Figure. Schematic representation of lectin mediated interactions of hemocytes with bacterial cells.

Hemocyte CHO moieties bind lectins and cells. Typical of most cells, hemocytes possess a sugar moiety which consists of the oligosaccharide units of membrane glycoproteins and glycolipids. Information concerning cell surface sugars is primarily based upon experiments with plant lectins. Lectins bind to such sugar receptors and the binding is inhibited or reversed by the sugars for which the lectins are specific. Binding of lectins to sugars on certain cells, e.g. macrophages, frequently induce physiologic changes (eg mitosis) in the cell.

Since lectins are multivalent, they could form bridges between hemocytes and other types of cell. Experimental studies are underway which will test this relationship in penaeids. Carbohydrate specific binding of Con A to the surface of mouse macrophages mediate attachment but not phagocytosis of Bacillus subtilis (Allen et al, Exp. Cell Res. 68, 466, 1970).

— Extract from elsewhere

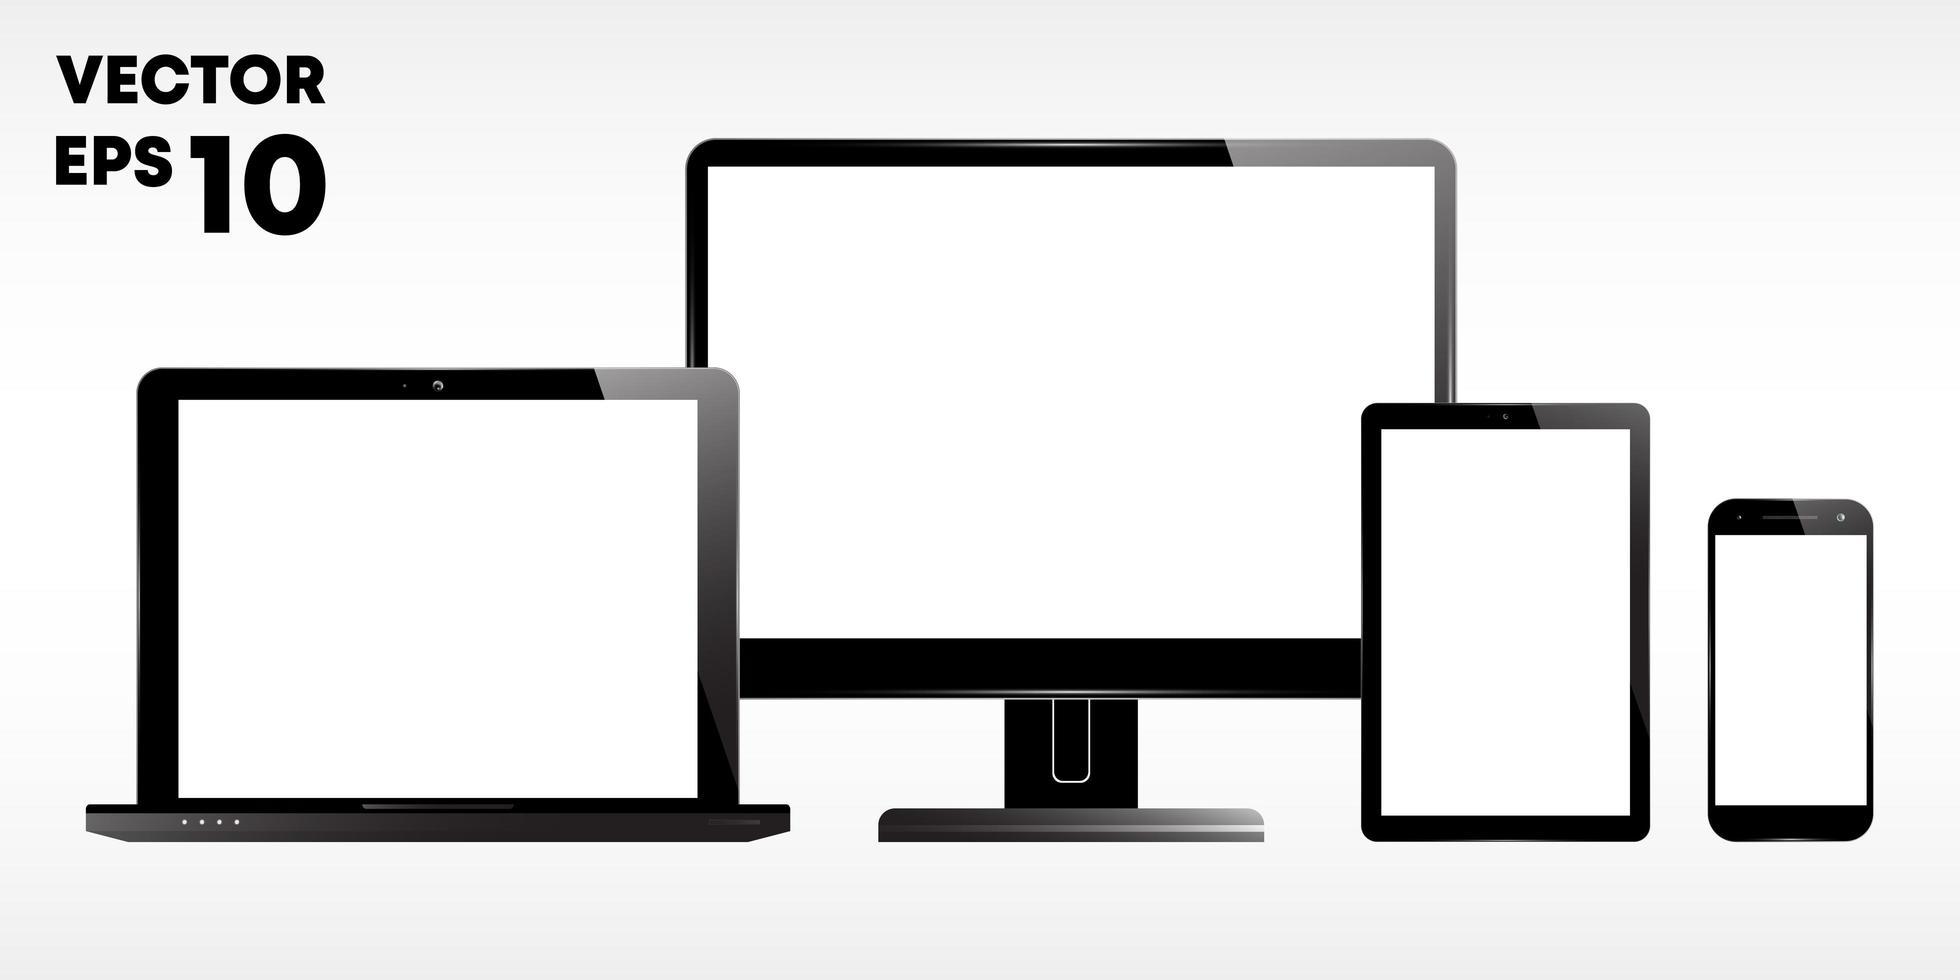 computadora portátil, monitor de computadora, pantalla, tableta y teléfono inteligente vector
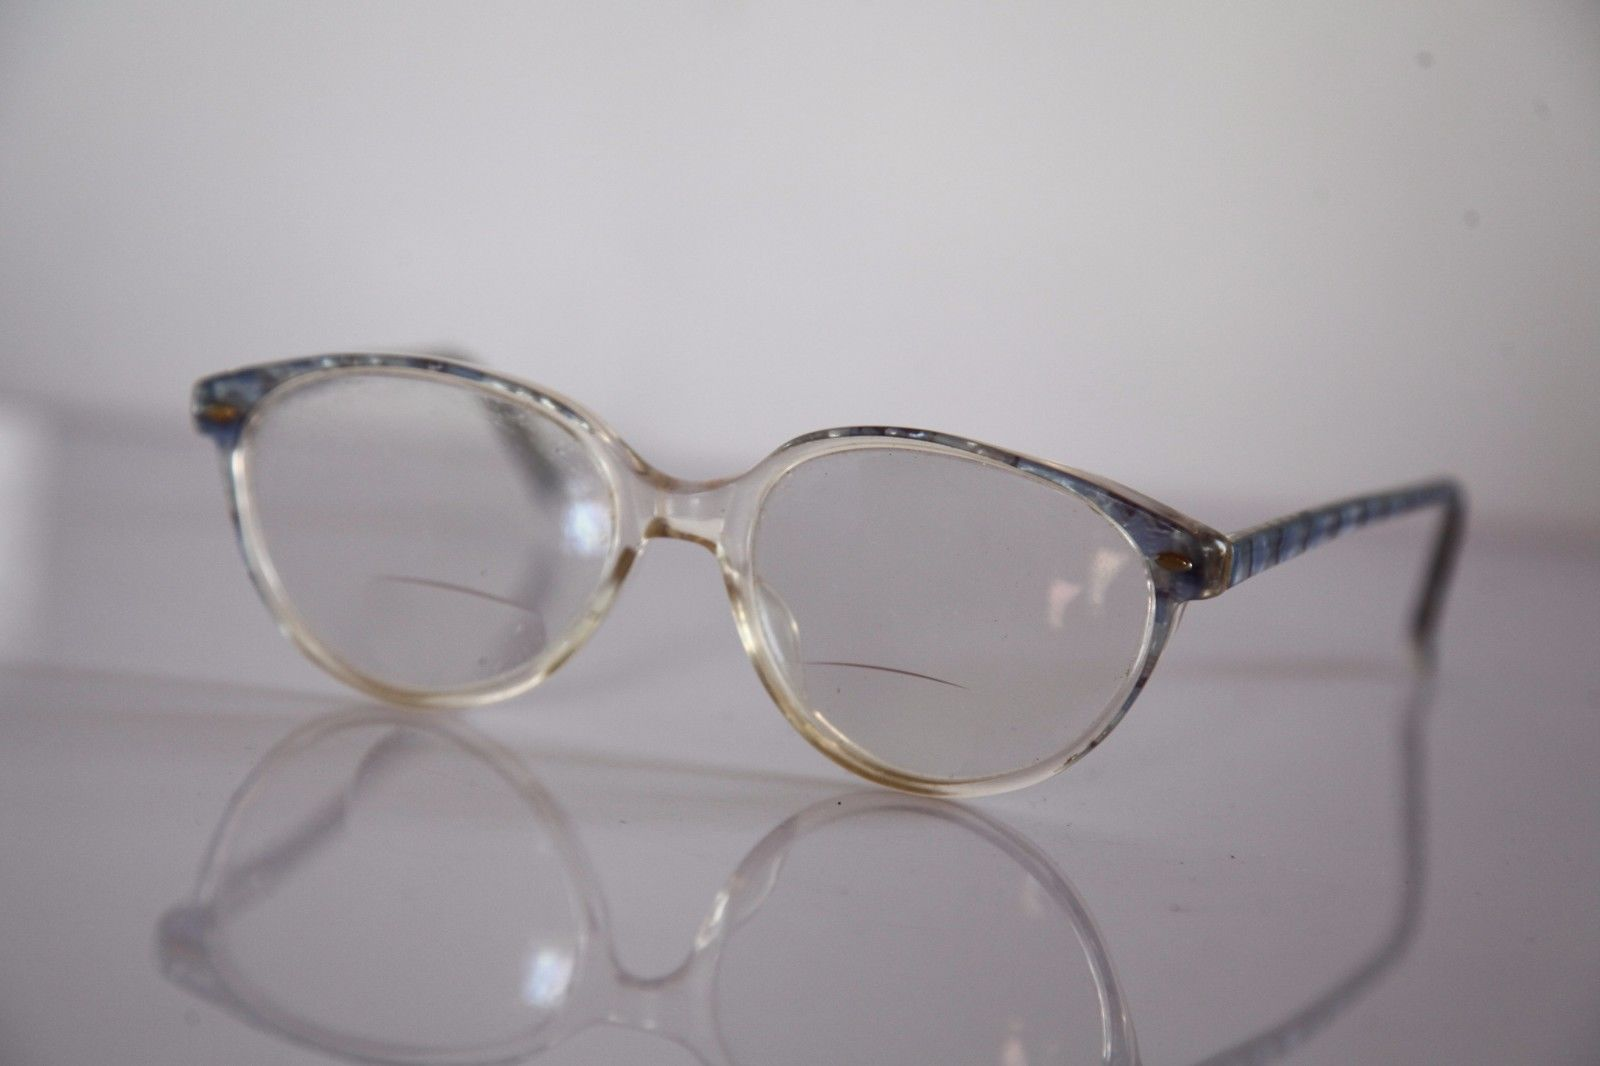 Eyewear, Crystal Multi-color  Frame, RX-Able Prescription Lenses.

Surface lectins confer susceptibility of bacterial cells to phagocytosis. It is well known that adherence of many gram-negative bacteria to animal cells is specifically inhibited by mannose and methyl alpha mannoside (Duguid, J. P and D. C. Old In: Bacterial Adherence (E. H. Beac hey, ed) pp. 186 Chapman and Hall, London). This adherence is probably an essential step in the pathogenesis of infectious diseases. In the case of Escherichia coli, the common form of the mannose-specific lectins are type-l-fimbriae (or pili). These bacteria bind avidly through their surface lectins and binding elicits a burst of metabolic activity in the phagocytes, followed by a sequence of events characteristic for the phagocytosis of opsonized bacteria. None of the reactions occur when bacteria and macrophages are mixed in the presence of mannose. (Silverblatt, F. J. et al., Infect. Immun. 24, 218, 1979).

Binding and uptake by macrophage surface lectins. In addition to the presence of various carbohydrate moieties, cell surfaces also possess a variety of lectins. The best characterized of these is the galactose-specific lectin found on liver, spleen and peritoneal macrophages. These macrophages bind and phagocytose erythrocytes that have been treated with sialidase to expose galactose residues on their surfaces.

Conclusion

No doubt lectin-carbohydrate interactions play a key role in defense mechanisms of decapods. Recent studies which validate the protective value of various bacterins in lobsters, shrimp and various decapods indicate that lectins are also inducible and are implicated in memory functions thus fulfilling certain of the criteria for "legitimate" immunologic phenomenon ascribed to vertebrates. Lectin-carbohydrate interactions could provide a host-defense mechanism in higher vertebrates shortly after microbial (viral?) infection and prior to establishment of an immune state, or in tissues where normal opsonic activity is poor.